Razib first talks to White about the cultural, political and social winds moving through academia since 2010. How did academic science become so politically polarized, and what significance does it have for future funding streams? White brings his insights from the viewpoint of someone whose perch is in a medical school, and so somewhat at the margins of the cultural revolution sweeping through academia and even STEM. He notes it seems that the activist high tide peaked around 2020, though the hostility between the Right and institutional academia continues unabated, affecting NIH funding.
Then White discusses where we are in terms of understanding gene regulation, and its importance in biological function.

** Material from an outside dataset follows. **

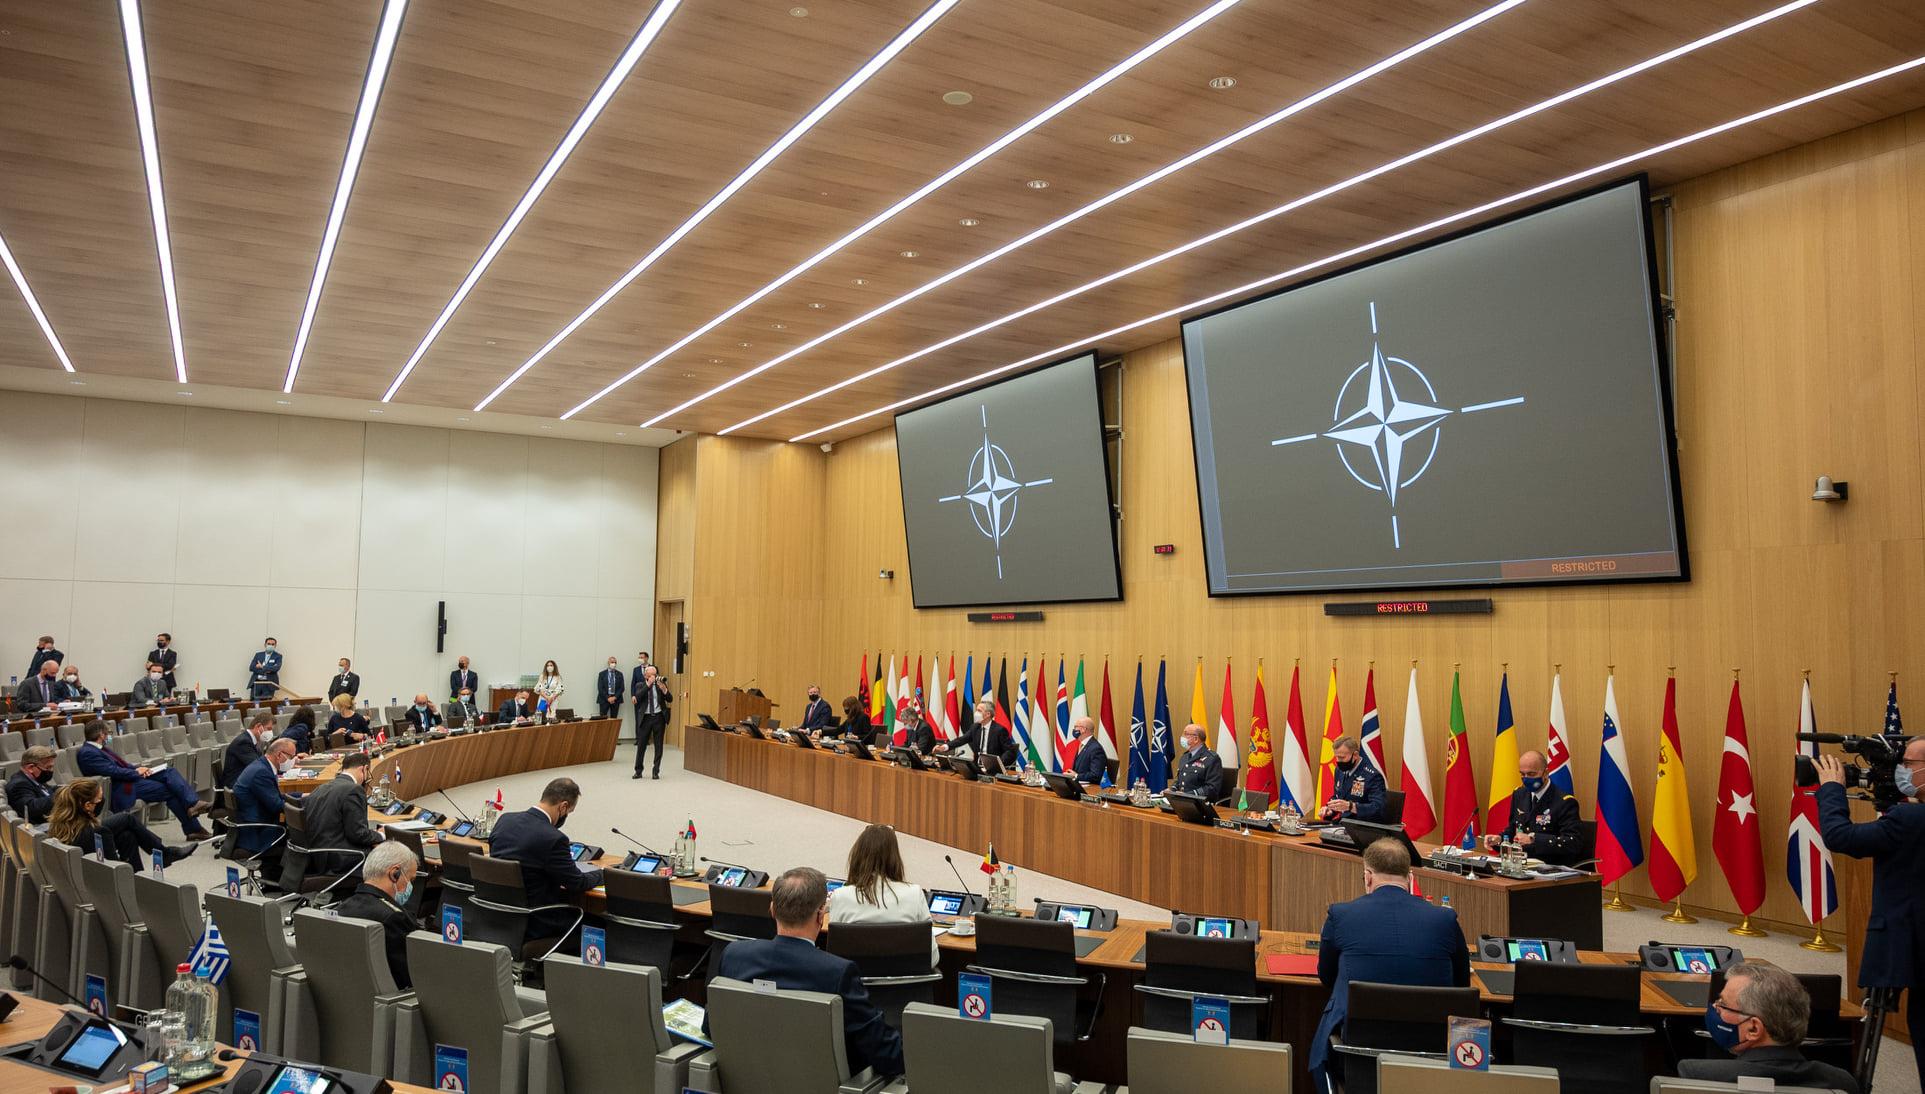 Захарова призвала НАТО заниматься не сдерживанием РФ, а реальными проблемами

Razib and White review how almost 99% of the human genome does not code for proteins, so often it is called “junk DNA,” but the reality is that there are other functions in that region, first and foremost, regulating and modifying protein expressing regions. Razib asks White where we are in human genomics more than 25 years after the draft, has it lived up to expectations? And where we are going in the future?